Bob laughed heartily with his old employer. From Poole he easily obtained currency for his personal check of two hundred dollars. This would do to go on with for the time being. He wrote Erbe's name and address—in a disguised hand—on a piece of rough brown paper. This he wrapped around the money, and deposited by the alarm clock on the rough log mantelpiece of his cabin. The place was empty. When he had returned from his invited supper with the Thornes, the package had disappeared. He did not again catch sight of Jack Pollock, for next morning he started out on his errand to the north end.



XIII

At noon of the second day of a journey that led him up the winding watered valleys of the lower ranges, Bob surmounted a ridge higher than the rest and rode down a long, wide slope. Here the character of the country changed completely. Scrub oaks, young pines and chaparral covered the ground. Among this growth Bob made out the ancient stumps of great trees. The ranch houses were built of sawn lumber, and possessed brick chimneys.

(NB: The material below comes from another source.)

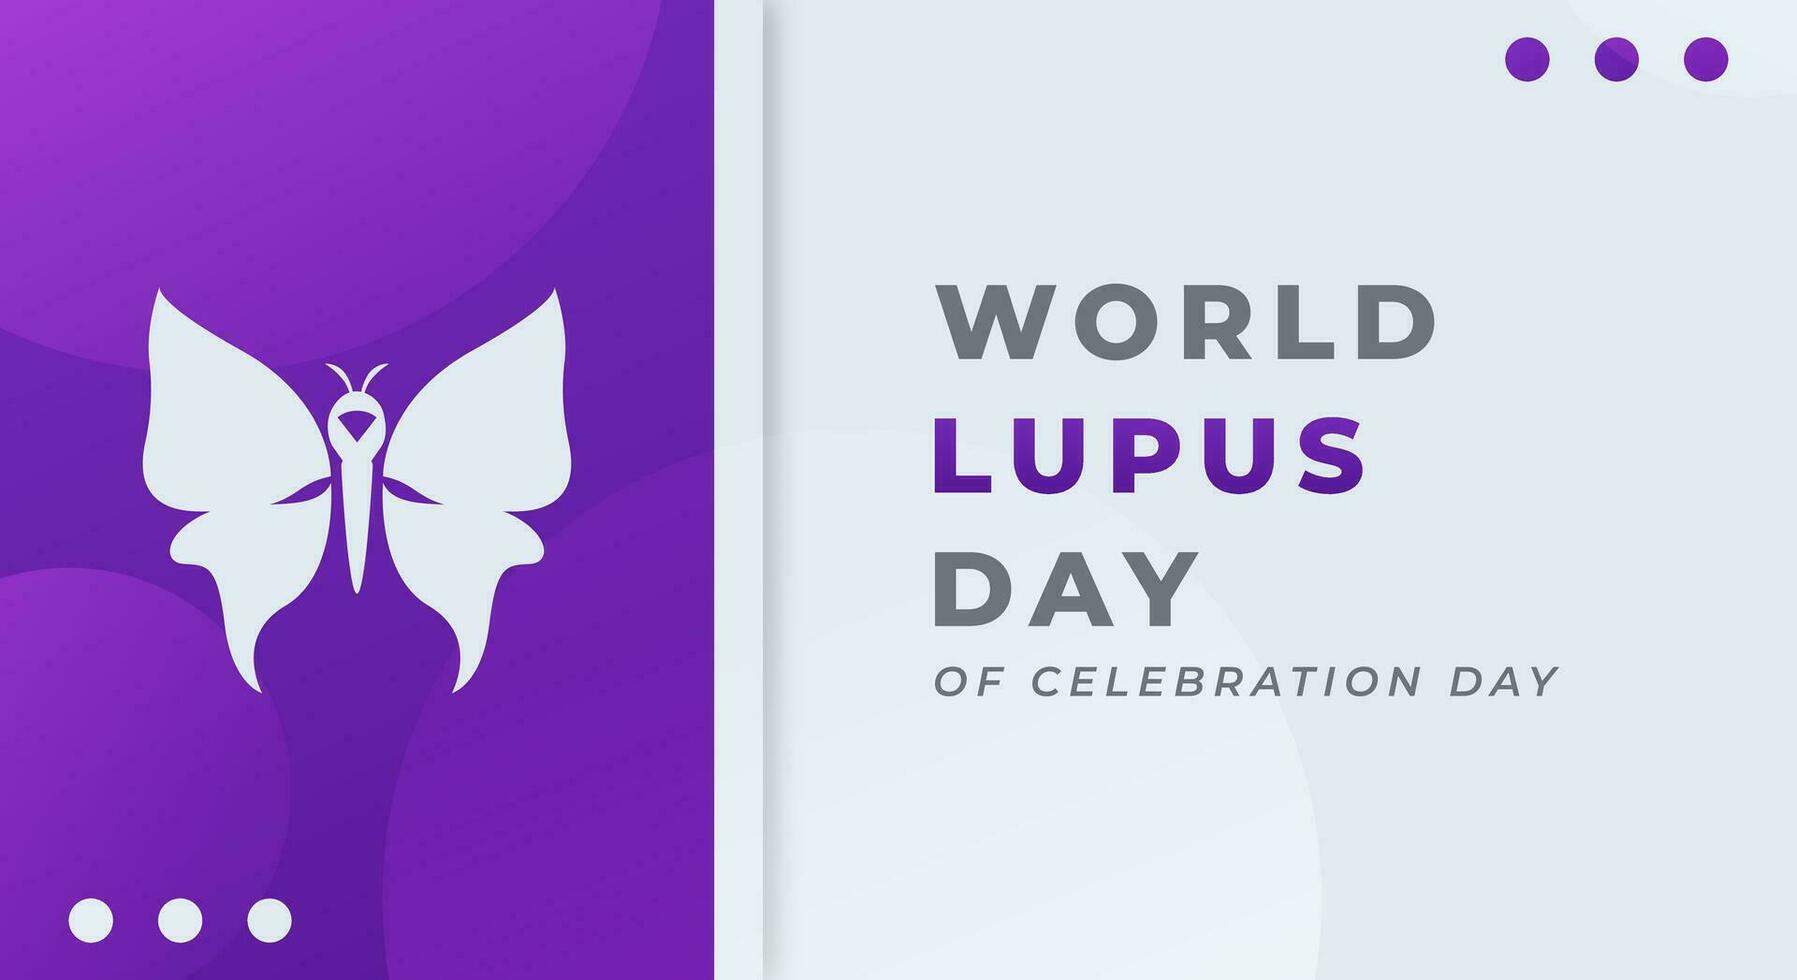 World Lupus Day Celebration Vector Design Illustration for Background, Poster, Banner, Advertising, Greeting Card

In appearance they seemed midway between the farm houses of the older settled plains and the rougher cabins of the mountaineers.

Bob continued on a dusty road until he rode into a little town which he knew must be Durham. Its main street contained three stores, two saloons, a shady tree, a windmill and watering trough and a dozen chair-tilted loafers. A wooden sidewalk shaded by a wooden awning ran the entire length of this collection of commercial enterprises. A redwood hitching rail, much chewed, flanked it. Three saddle horses, and as many rigs, dozed in the sun.

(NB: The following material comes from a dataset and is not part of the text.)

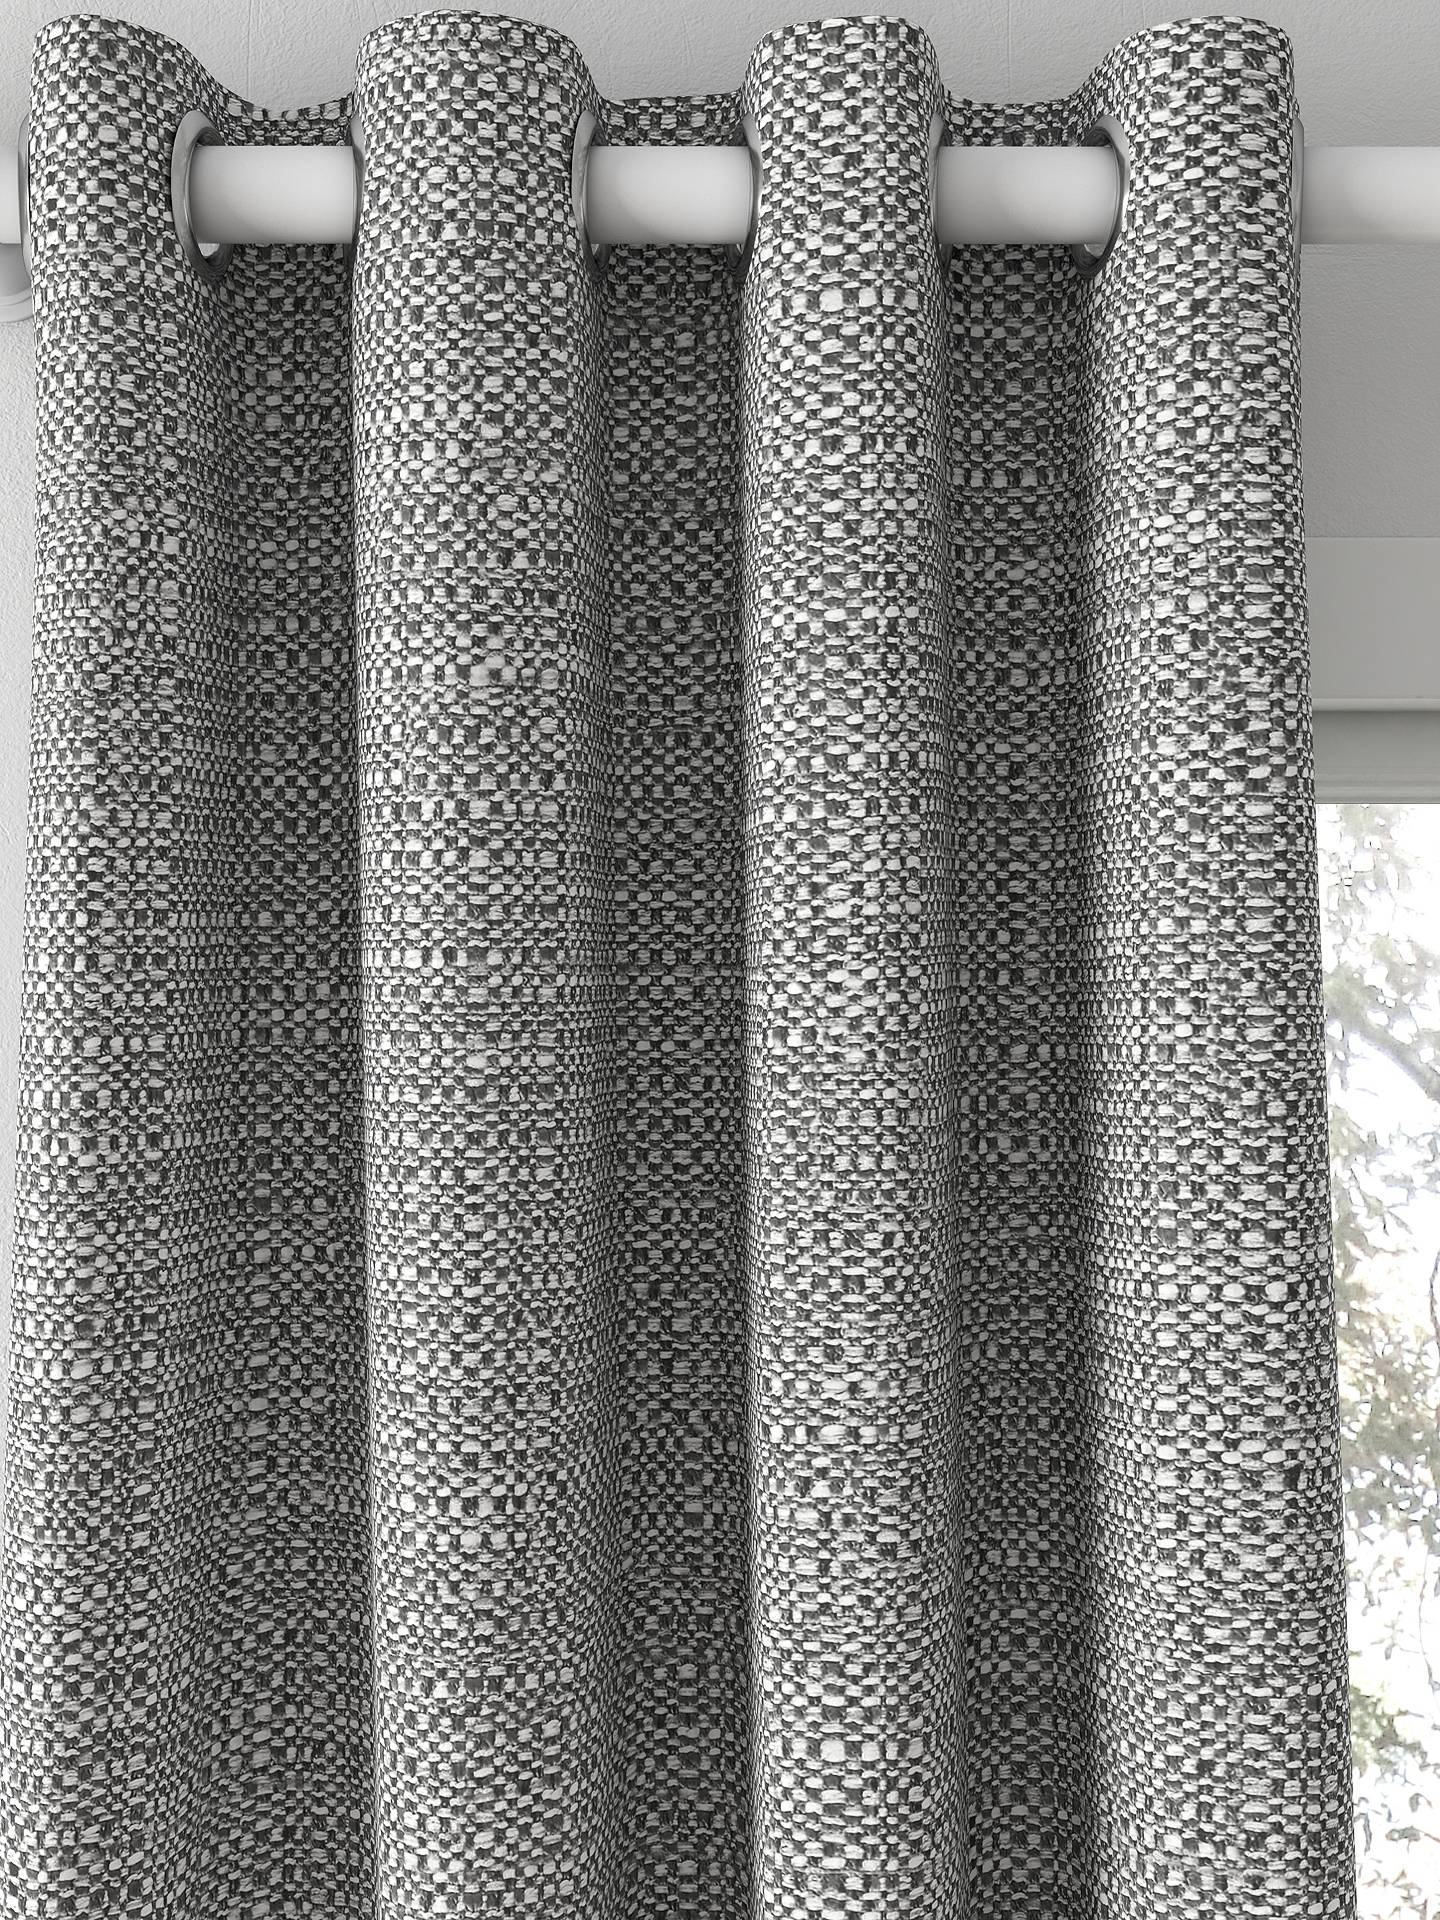 John Lewis Tonal Weave Made to Measure Curtains, Graphite

Bob tied his saddle horse to the rail, leaving the pack animal to its own devices. Without attention to the curious stares of the loafers, he pushed into the first store, and asked directions of the proprietor. The man, a type of the transplanted Yankee, pushed the spectacles up over his forehead, and coolly surveyed his questioner from head to foot before answering.

"I see you're a ranger," he remarked drily. "Well, I wouldn't go to Samuels's if I was you. He's give it out that he'll kill the next ranger that sets foot on his place."

"I've heard that sort of talk before," replied Bob impatiently.

"Samuels means what he says," stated the storekeeper. "He drove off the last of you fellows with a shotgun—and he went too."

"You haven't told me how to get there," Bob pointed out.

"All you have to do is to turn to the right at the white church and follow your nose," replied the man curtly.

"How far is it?"

"About four mile."

"Thank you," said Bob, and started out.

The man let him get to the door.

"Say, you!" he called.

Bob stopped.

"You might be in better business than to turn a poor man out of his house and home."

Bob did not wait to hear the rest. As he untied his saddle horse, a man brushed by him with what was evidently intentional rudeness, for he actually jostled Bob's shoulder. The man jerked loose the tie rein of his own mount, leaped to the saddle, and clattered away. Bob noticed that he turned to the right at the white church.

The four-mile ride, Bob discovered, was almost straight up. At the end of it he found himself well elevated above the valley, and once more in the sugar-pine belt. The road wound among shades of great trees. Piles of shakes, gleaming and fragrant, awaited the wagon. Rude signs, daubed on the riven shingles, instructed the wayfarer that this or that dim track through the forest led to So-and-so's shake camp.

It was by now after four of the afternoon. Bob met nobody on the road, but he saw in the dust fresh tracks which he shrewdly surmised to be those of the man who had jostled him. Samuels had his warning. The mountaineer would be ready. Bob had no intention of delivering a frontal attack.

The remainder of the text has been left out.